# Luke Skywalker vs Thor



## Unlosing Ranger (Sep 6, 2011)

All starwars EU canon is allowed.
Starting distance is 1 lightyear apart.
Who wins?


----------



## Thor (Sep 6, 2011)

Thor kills him in 1 hit. 

Take the bait hivemind. Take the bait


----------



## Lucaniel (Sep 6, 2011)

i think thor should be barred from this debate because he is jelly of luke skywalker

example





Thor said:


>


----------



## Dandy Elegance (Sep 6, 2011)

Hahahahaha, what.


----------



## Thor (Sep 6, 2011)

Luke Skywalker is one of the worst characters in fiction. He's as bad as other shit characters like Sasuke Uchiha and Sentry. Yes he's that bad.


----------



## Matta Clatta (Sep 6, 2011)

LOL this thread is gonna be funny


----------



## Light (Sep 6, 2011)

I don't know how powerful EU Luke is but since the OP never specified, could he beat Rune King or Odin Force Thor?


----------



## Thor (Sep 6, 2011)

But yeah Luke fold spaces a light saber in Thor's head. Let's forget every thing Thor has accomplished, the people he fought, his superior strength, speed, intelligence, looks. Luke has pre-cog and force lightning he's got this. Hivemind accept me.


----------



## Lucaniel (Sep 6, 2011)

ShineMonkey said:


> I don't know how powerful EU Luke is but since the OP never specified, could he beat Rune King or Odin Force Thor?



not in a million years

what's funny that under these conditions i'm pretty luke can actually win this though. i don't recall thor having notable mindrape resistance feats. and for some reason he's a light-year away


----------



## KazeYama (Sep 6, 2011)

Thor said:


> Luke Skywalker is one of the worst characters in fiction. He's as bad as other shit characters like Sasuke Uchiha and Sentry. Yes he's that bad.



Why you hate Sentry when Thor is just a rip off of him?


----------



## Unlosing Ranger (Sep 6, 2011)

ShineMonkey said:


> I don't know how powerful EU Luke is but since the OP never specified, could he beat Rune King or Odin Force Thor?


Just using standard thor here.
There is a reason the distance is one lightyear though.


----------



## Dandy Elegance (Sep 6, 2011)

Thor said:


> But yeah Luke fold spaces a light saber in Thor's head. Let's forget every thing Thor has accomplished, the people he fought, his superior strength, speed, intelligence, looks. Luke has pre-cog and force lightning he's got this. Hivemind accept me.

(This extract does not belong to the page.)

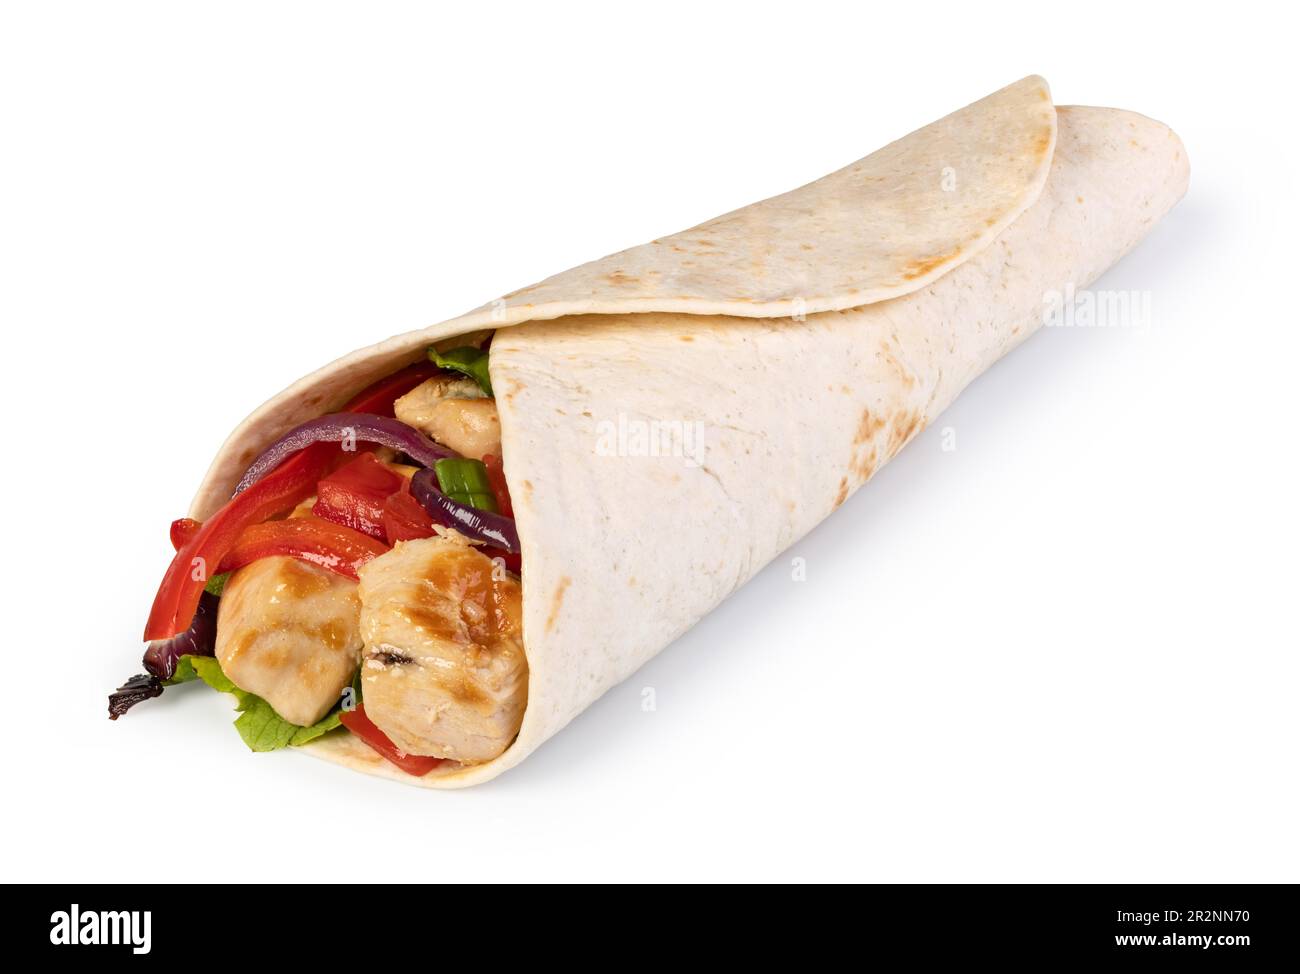 burrito with vegetables and tortilla, isolated on white Stock Photo
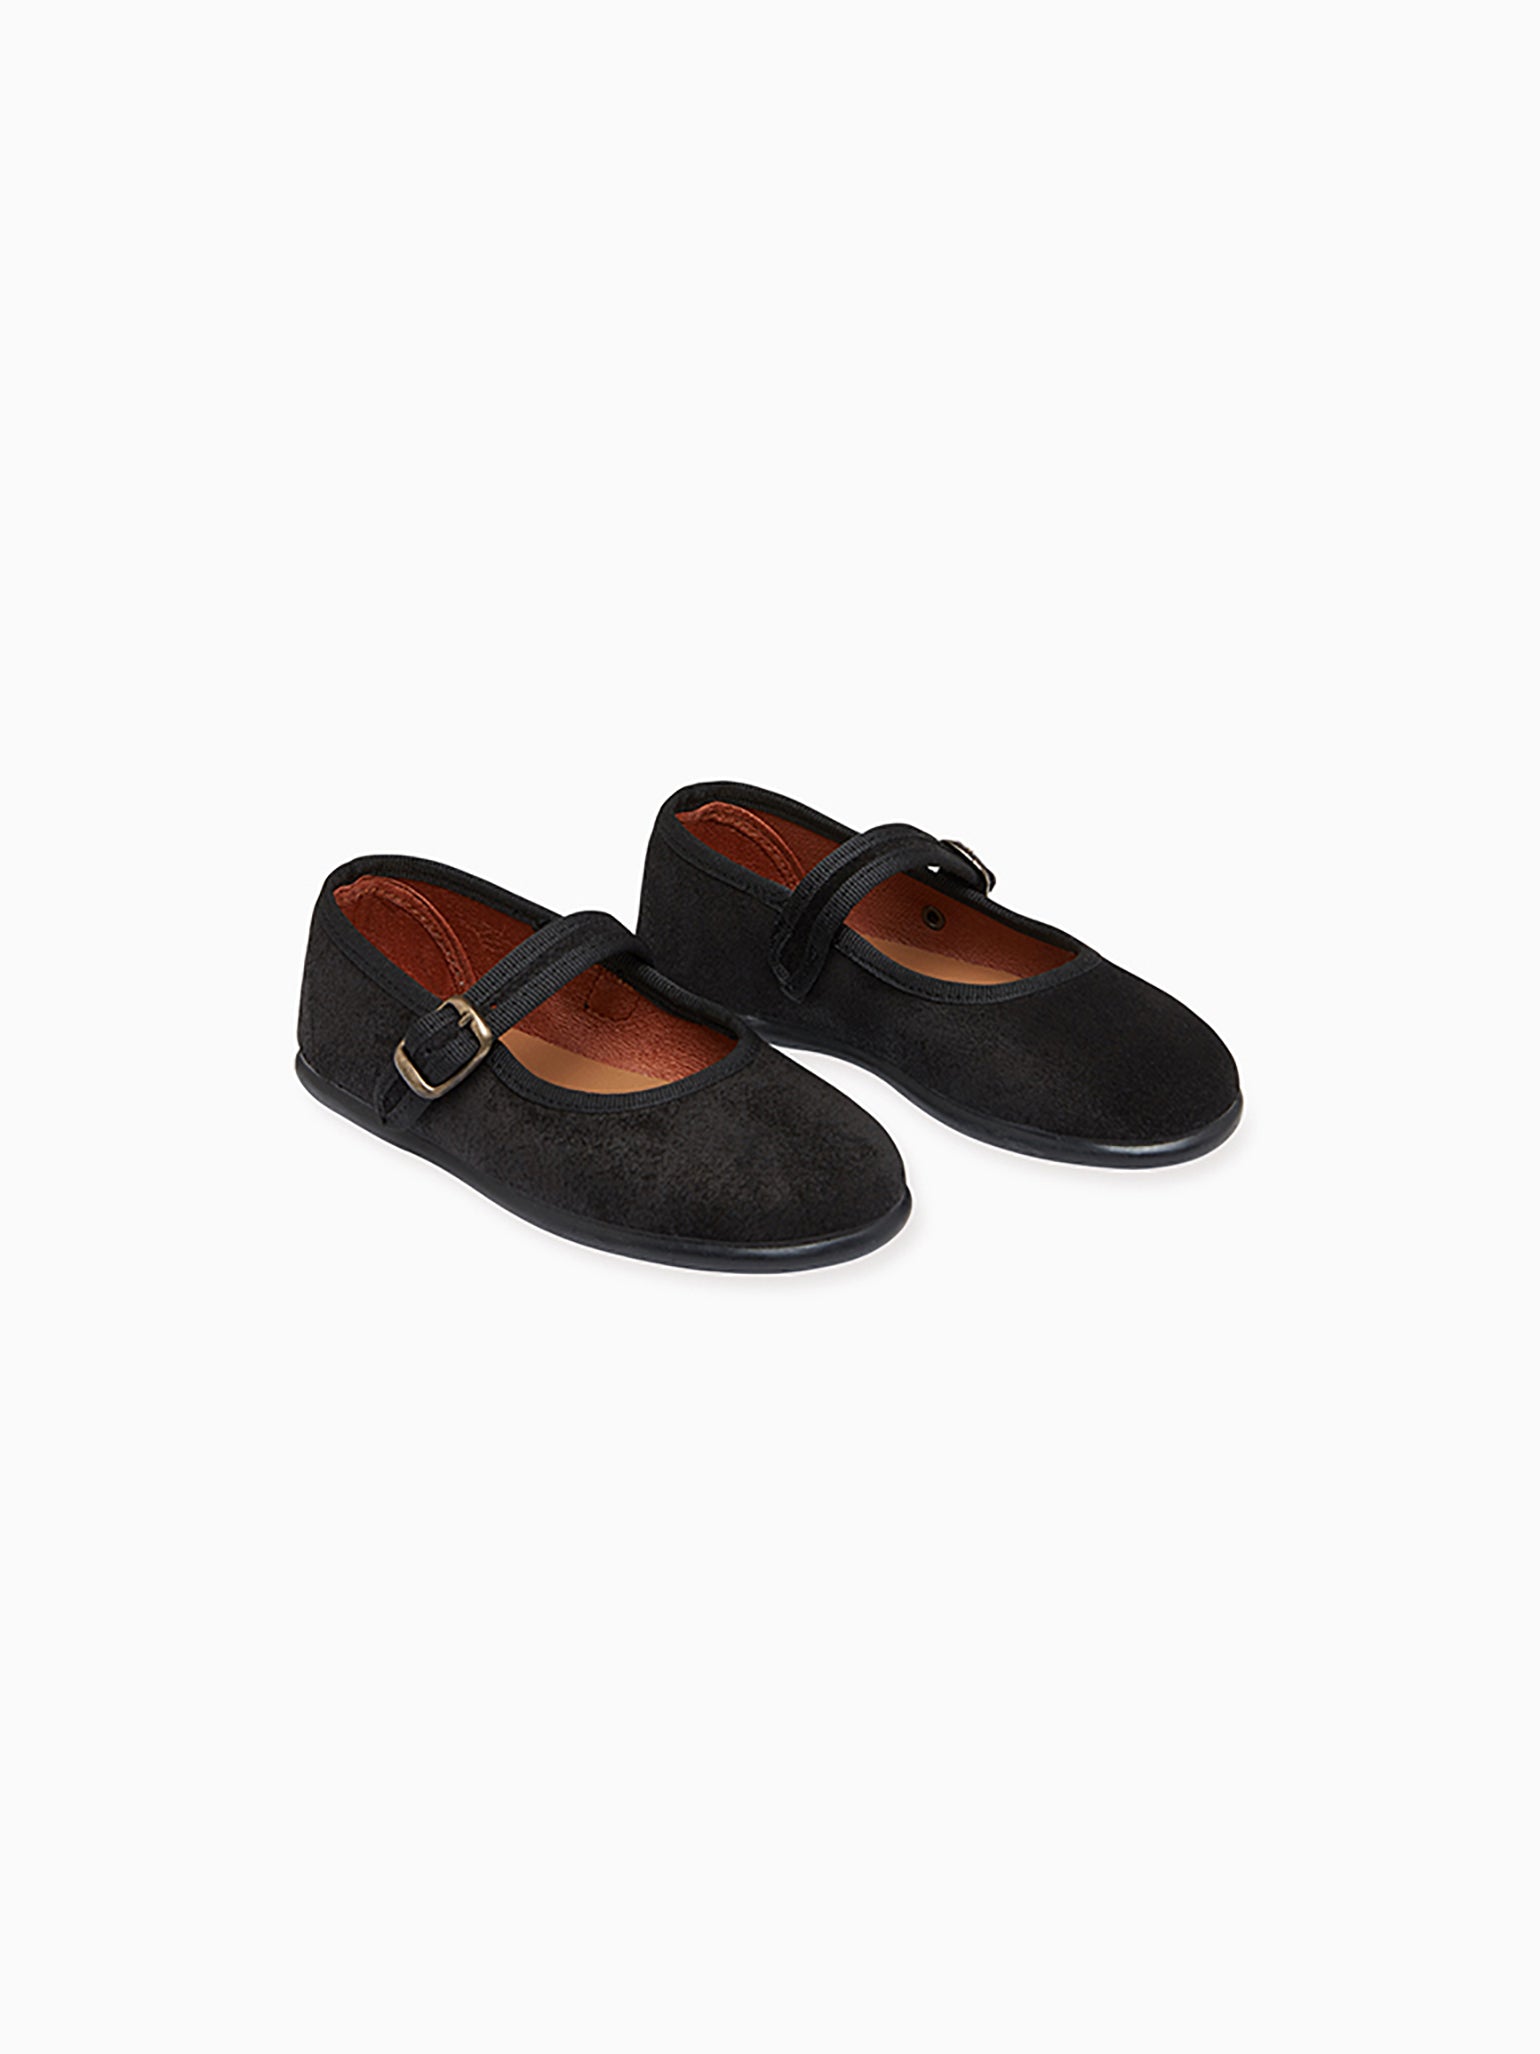 Black Suede Girl Mary Jane Shoes

I'm actually of the mind that Thor smashes him.


----------



## Matta Clatta (Sep 6, 2011)

Luke Skywalker vs Doctor Doom is next


----------



## Lucaniel (Sep 6, 2011)

dandy, they're a light-year apart, luke has galaxy-range telepathy, thor's attacks don't have _that_ much range, plus he doesn't have notable mindrape defenses iirc



Matta Clatta said:


> Luke Skywalker vs Doctor Doom is next



i bloody well hope not, doom would stomp that


----------



## Dandy Elegance (Sep 6, 2011)

Lucaniel said:


> dandy, they're a light-year apart, luke has galaxy-range telepathy, thor's attacks don't have _that_ much range, plus he *doesn't have notable mindrape defenses iirc*



I could have sworn I'd seen some.  I'll check his RT.


----------



## Lucaniel (Sep 6, 2011)

whoops


*Spoiler*: __ 








yeah, thor wins this


----------



## Stunna (Sep 6, 2011)

Thor said:


> Luke Skywalker is one of the worst characters in fiction. He's as bad as other shit characters like Sasuke Uchiha and Sentry. Yes he's that bad.


What?


Thor said:


> Mad as fuck son.


lol


----------



## Dandy Elegance (Sep 6, 2011)

Lucaniel said:


> whoops
> 
> 
> *Spoiler*: __
> ...



Dammit.  Ninja'd.


----------



## Nevermind (Sep 6, 2011)

Lucaniel said:


> not in a million years
> 
> what's funny that under these conditions i'm pretty luke can actually win this though. i don't recall thor having notable mindrape resistance feats. and for some reason he's a light-year away



Just to be serious, Thor has fought guys like Surfer on numerous occasions IIRC and Surfer crosses universes in minutes (right?). Based purely on scaling from that, it would take much, much less than a second for Thor to cross that distance. But do correct me if I have wrong information.



Matta Clatta said:


> Luke Skywalker vs Doctor Doom is next



Luke Skywalker vs Majin Dark Schneider. Mark my words, it's gonna happen. 



Thor said:


> Luke Skywalker is one of the worst characters in fiction. He's as bad as other shit characters like Sasuke Uchiha and Sentry. Yes he's that bad.



I wouldn't go _that_ far.


----------



## Thor (Sep 6, 2011)

Lucaniel said:


> not in a million years
> 
> what's funny that under these conditions i'm pretty luke can actually win this though. i don't recall thor having notable mindrape resistance feats. and for some reason he's a light-year away





Thor tanks the Stranger's mind blast. The Stranger is a Skyfather level being.


Thor free's himself from Moondragon and the Goddess.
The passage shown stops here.